Our aims in this secondary analysis were to compare caregivers’ pre-disclosure worries to their post-disclosure reports, and to characterize associations between disclosure and well-being of the child, caregiver, and family over time. This was an unregistered exploratory analysis. In the process of analyzing data for the original study—whose aim was to describe caregivers’ readiness to disclose to their children—we observed that a substantial proportion of caregivers reported worries about the consequences of disclosure that kept them from taking action. This led us to design this secondary analysis to examine how children, caregivers, and families fared after the children learned their status and to compare them to those who remained undisclosed. This analysis tested the hypotheses, based on the prior literature described, that most caregiver worries would not come to pass and that disclosure would not lead to worse outcomes.

Materials and Methods

Setting and Participants

As described in Finnegan et al. (2019), we randomly selected 400 primary caregivers of children ages 9 to 15 years living with HIV who were enrolled in antiretroviral therapy (ART) or pre-ART (i.e., before initiation of ART treatment) across 21 HIV clinics in Bikita and Zaka districts in Masvingo Province, Zimbabwe and invited them to participate in a study about pediatric disclosure.
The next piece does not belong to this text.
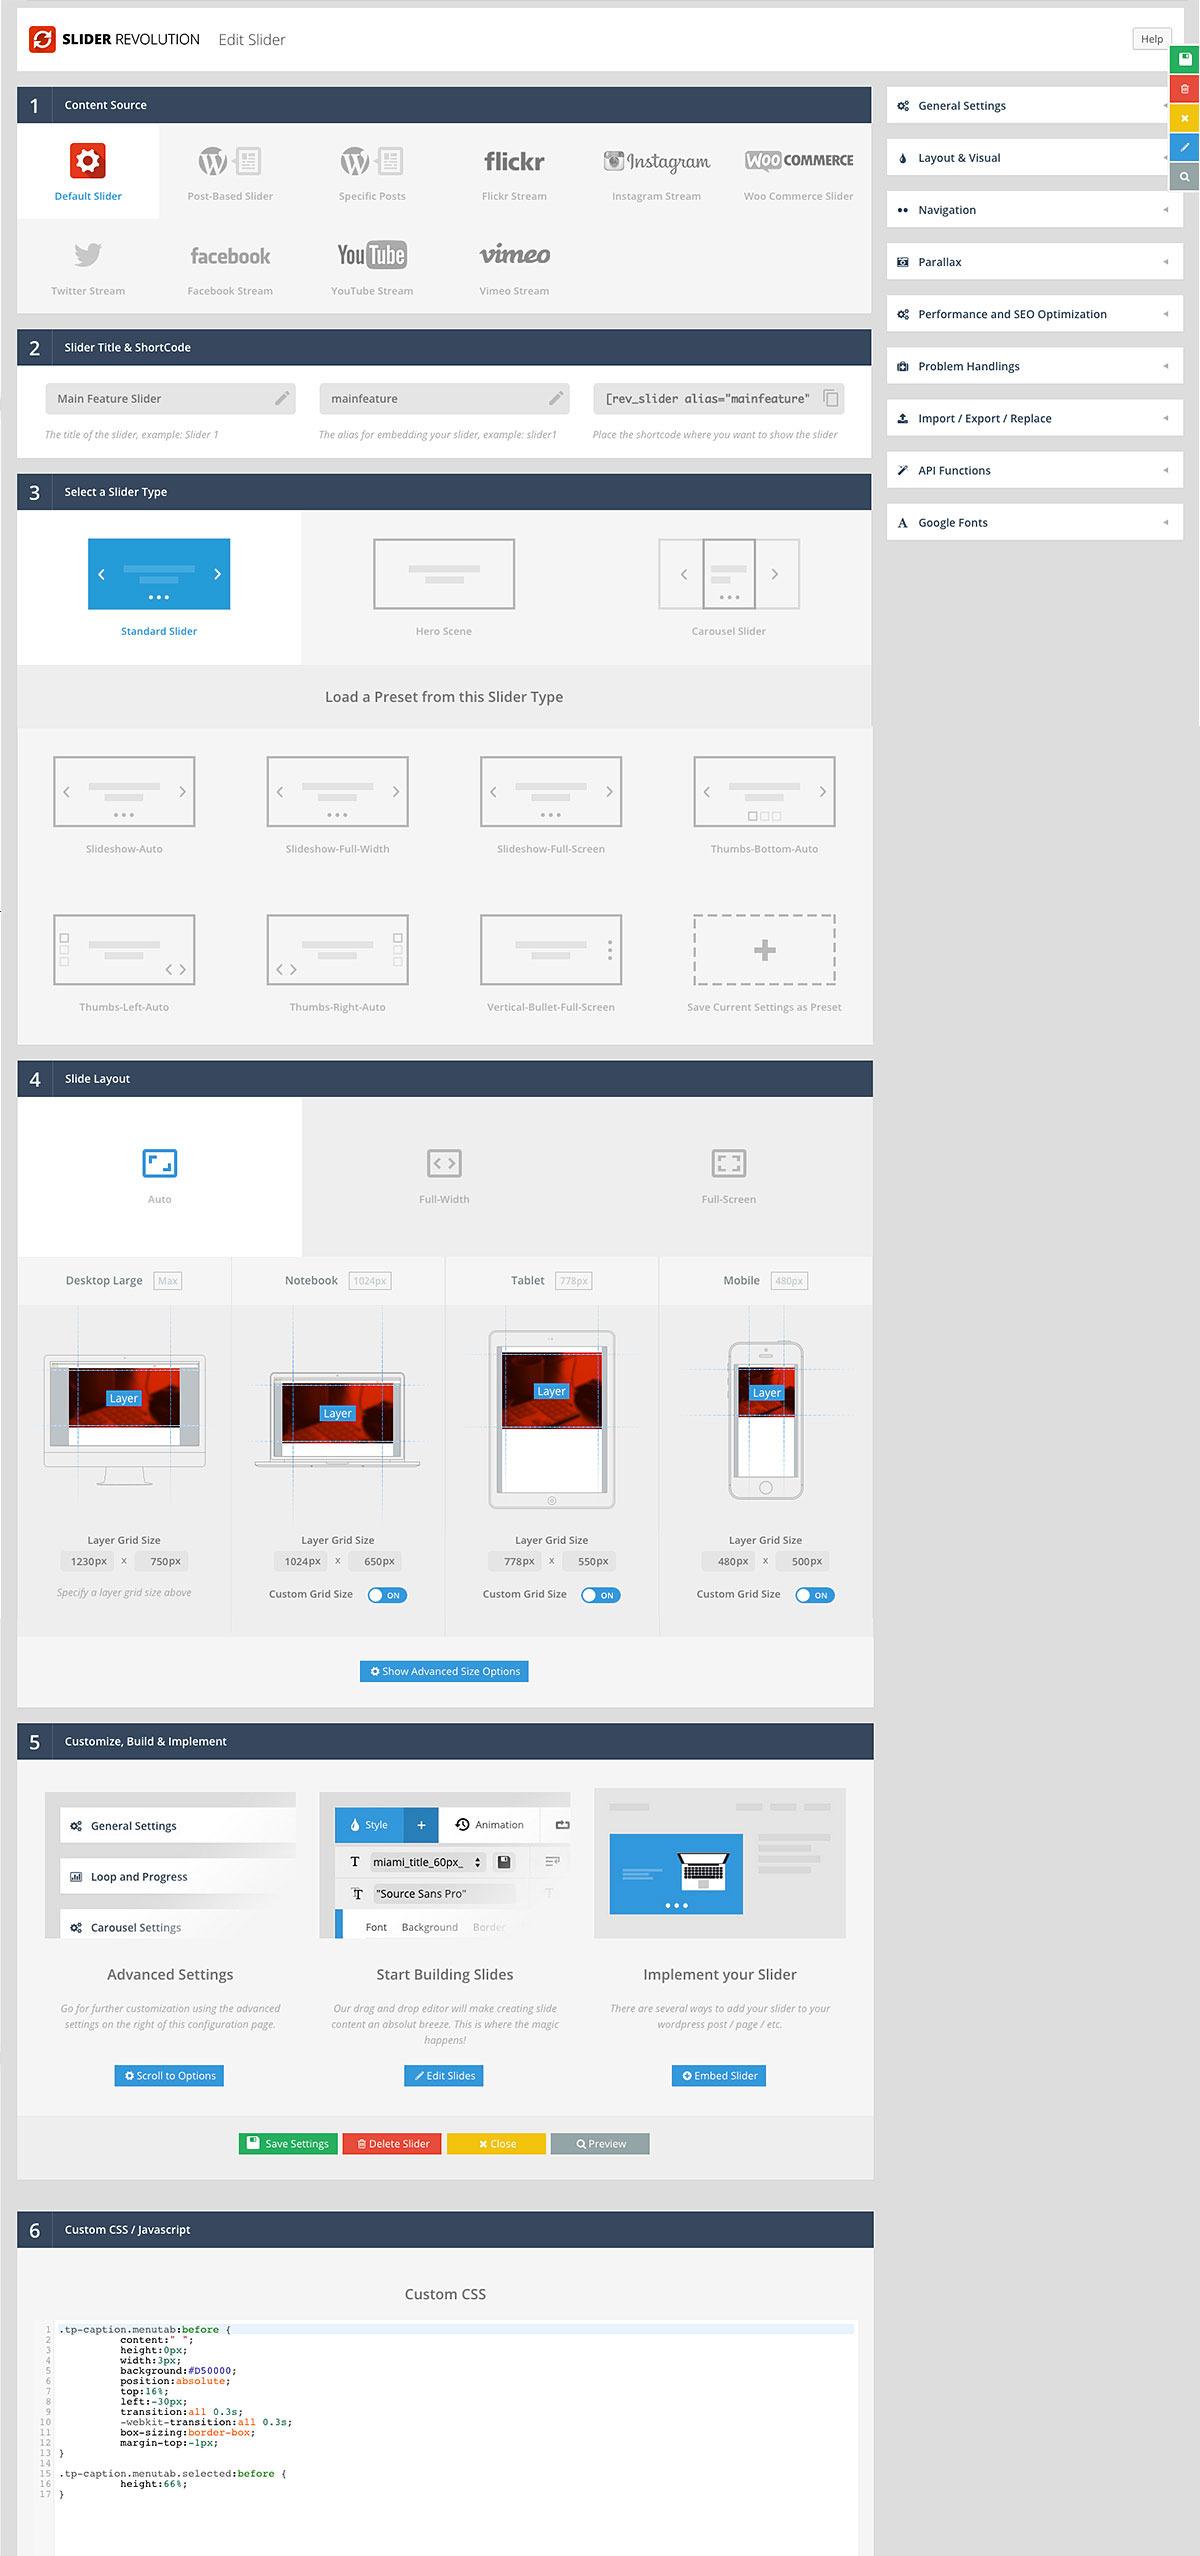 How to make revolution slider responsive in wordpress

These parents and guardians were recruited by patient advocates called Community HIV & AIDS Support Agents (CHASAs); inclusion criteria included being a primary caregiver of a child aged 9 to 15 years who was HIV positive. In total, 372/400 parents and guardians (henceforth, caregivers) completed our cross-sectional baseline survey (93.0%), and 123/372 of these caregivers formed the prospective cohort because they reported that their child was unaware of his or her HIV status (33.1%). The current study analyzes data from 111 caregivers in this prospective cohort who participated in all three waves of data collection. As shown in Appendix Table A1, attrition over all three waves was 9.8% and mostly non-systematic on observables. See Finnegan et al. (2019) for additional details about the setting, population, and sample.

Procedures

Surveys were administered in the local language, Shona, by trained Zimbabwean enumerators who used Android tablets running the ODK Collect software (Brunette et al., 2013) to view survey questions and record participants’ responses. Individual surveys were conducted in a private setting at the HIV clinic where the caregiver filled the child’s prescriptions. CHASAs invited them to return to the clinic for follow-up surveys at 6- and 12-months after the baseline wave.

Measures

We administered the same survey instrument in each wave (see Finnegan et al., 2019 for additional details). Our selection of measures was not guided by our research aims in this exploratory secondary analysis. We adapted existing items or created new ones that we thought might have predictive value in an analysis of caregiver readiness to disclose, the aim of the original study. As described in Finnegan et al. (2019), we developed our survey battery through a literature review, focus group discussions with 17 HIV-positive adolescents, 18 parents of HIV-positive children, and health workers at 23 clinics using free-listing and card sorting activities, and cognitive interviewing with a separate group of caregivers.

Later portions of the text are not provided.